随着脚掌的下压,脚背被反向推挤,死死抵住坚硬的鞋面。而那根被夹在脚底和鞋底之间的灼热、粗大的肉棒,正不断地通过剧烈的搏动彰显着自己的存在感。在丝袜的过滤下,脚心甚至能清晰地摸索出硕大龟头那上翘的冠状沟与肉棒柱身交界处那条明显的凹槽差异。
我加大了力度,将全部的力量集中在脚底,向着鞋面狠狠踩去,我甚至感觉那根被夹住的肉棒都快要被我硬生生踩扁了。
然而,月见千岁脸上的那一丝不适不仅完全消失,甚至还在重压之下发出了一声极其舒服的闷哼。
他配合着我脚部的碾压,开始缓缓地前后挺身。那根被死死夹在黑色皮鞋面和白丝脚底之间的粗大肉棒,开始在狭窄的空间里艰难而又剧烈地抽动起来。
「噗滋……哧……」
那颗硕大的、充血的龟头,时而借着前冲的力道,利用上翘的冠状沟极其粗暴地摩擦着脚底的白丝袜,给我细嫩的脚掌带来一丝瘙痒感,然后从另一侧的鞋口处硬生生探出湿漉漉的头来;时而在我加重力道时收回去,接受我脚掌足心毫不留情的反复碾压。剧烈的刺激让马眼不断吐出透明的、粘稠的前列腺液,将鞋内的白丝布料彻底沾湿,发出黏腻的闷响。
但单脚的鞋内足交,这种极度扭曲的姿势对双方的体力和耐力都不太好受。

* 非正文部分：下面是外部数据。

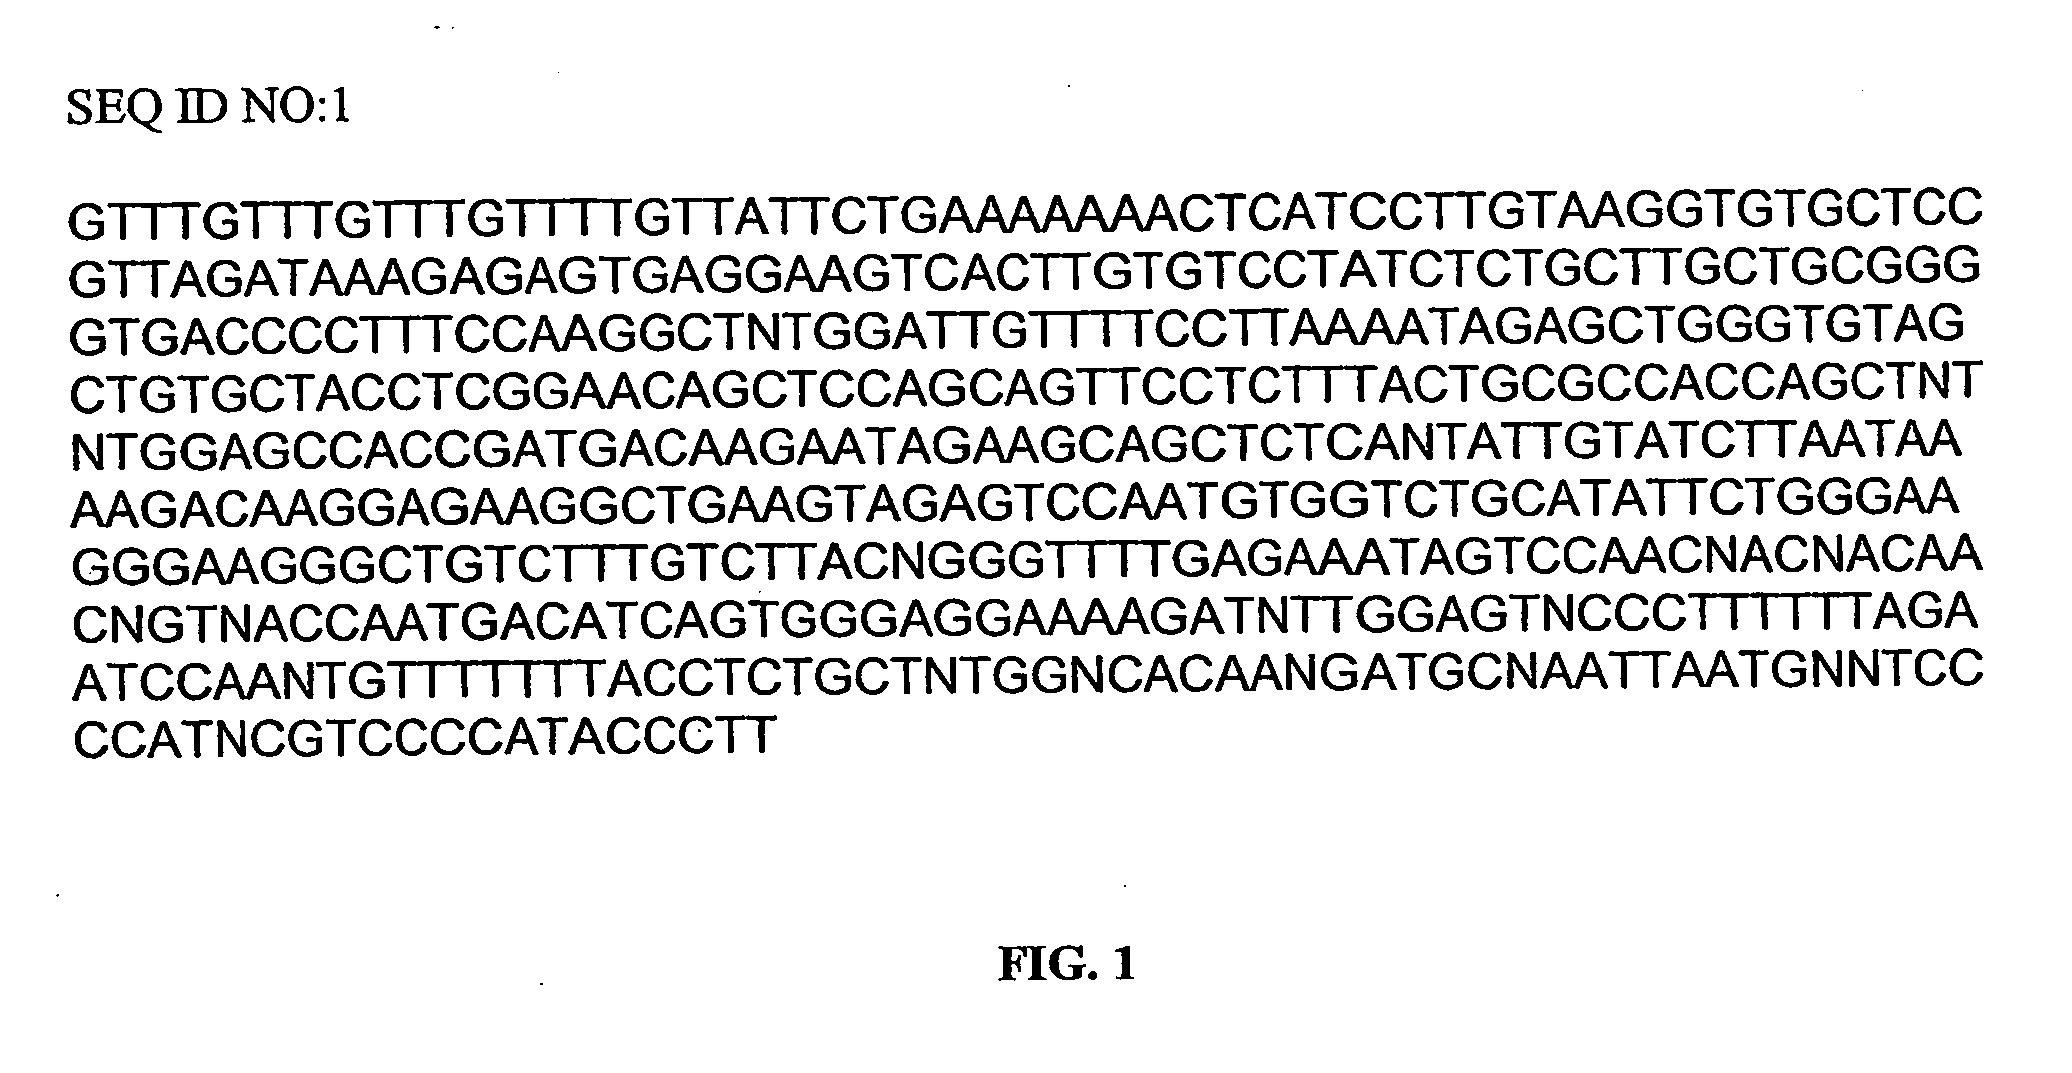 Mammalian genes involved in rapamycin resistance and tumorgenesis annexin XIII genes

为了尽快让他释放出来,结束这场酷刑,我抬起一直悬在半空中无所事事的左腿,将左腿从下方灵活地绕过来,用穿着白丝袜的左脚脚背,精准地贴合在右脚乐福鞋敞开的另一侧鞋口上。
等他下一次挺腰,那颗巨大的龟头再次从鞋口缝隙里艰难探出来的时候,我便立刻利用左脚脚背处丝袜的十字交叉编织的材质特性,对准他最为敏感的马眼处,进行快速而集中的摩擦刮蹭。
与此同时,深陷在鞋内的右脚则在持续加大力度,死死踩着那根滚烫的肉棒,给予他更多的物理压迫快感。在踩踏的同时,脚掌还在狭小的鞋内空间里尽力地上下旋转着,试着用脚心和丝袜的纹理去碾磨那些暴起的青筋,试着全方位增加刺激的维度。
这种被鞋面夹击、右脚重踩、左脚背摩擦马眼的多重极限刺激,效果可谓是立竿见影。
月见千岁那张总是从容不迫的脸庞终于出现了崩裂的迹象。他微微仰起头,脖颈处喉结剧烈地上下滚动。口中不断吐出粗重的、破碎的叹息,伴随着低沉的呼唤:
「啊……伊织……」
看着他这种被快感逼得几近失控、一切都被我操控掌握的样子,我的心里涌起一阵奇异的满足感,甚至让我感到十分受用。那根平日里总是在我体内横冲直撞、作威作福的凶器,此刻正被我以一种极具羞辱性的姿态死死踩在脚下压迫着。
久违的在性事上掌握了一次绝对的主动权,我忍不住勾起嘴角。为了将他彻底逼入深渊,我不断加快着双脚上的配合动作,右脚踩压的力度越来越大,左脚背在鞋口摩擦的速度也越来越快。
月见千岁口中那些细碎的、夹杂着闷哼的叹息声越来越密集,那根被夹在鞋里的肉棒跳动的频率也变得极为狂躁,粗壮的青筋几乎要将丝袜撑破。显然,他即将达到极限。
但就在这个时候,我脑海中突然闪过暑假期间的经历:好几次帮他足交,最后都被他射在脚上,导致脚掌、脚背甚至小腿全都被他浓稠的精液糊满,弄得事后两条腿都黏糊糊的,清洗起来恶心且麻烦,就连丝袜也得单独丢进洗衣机去洗。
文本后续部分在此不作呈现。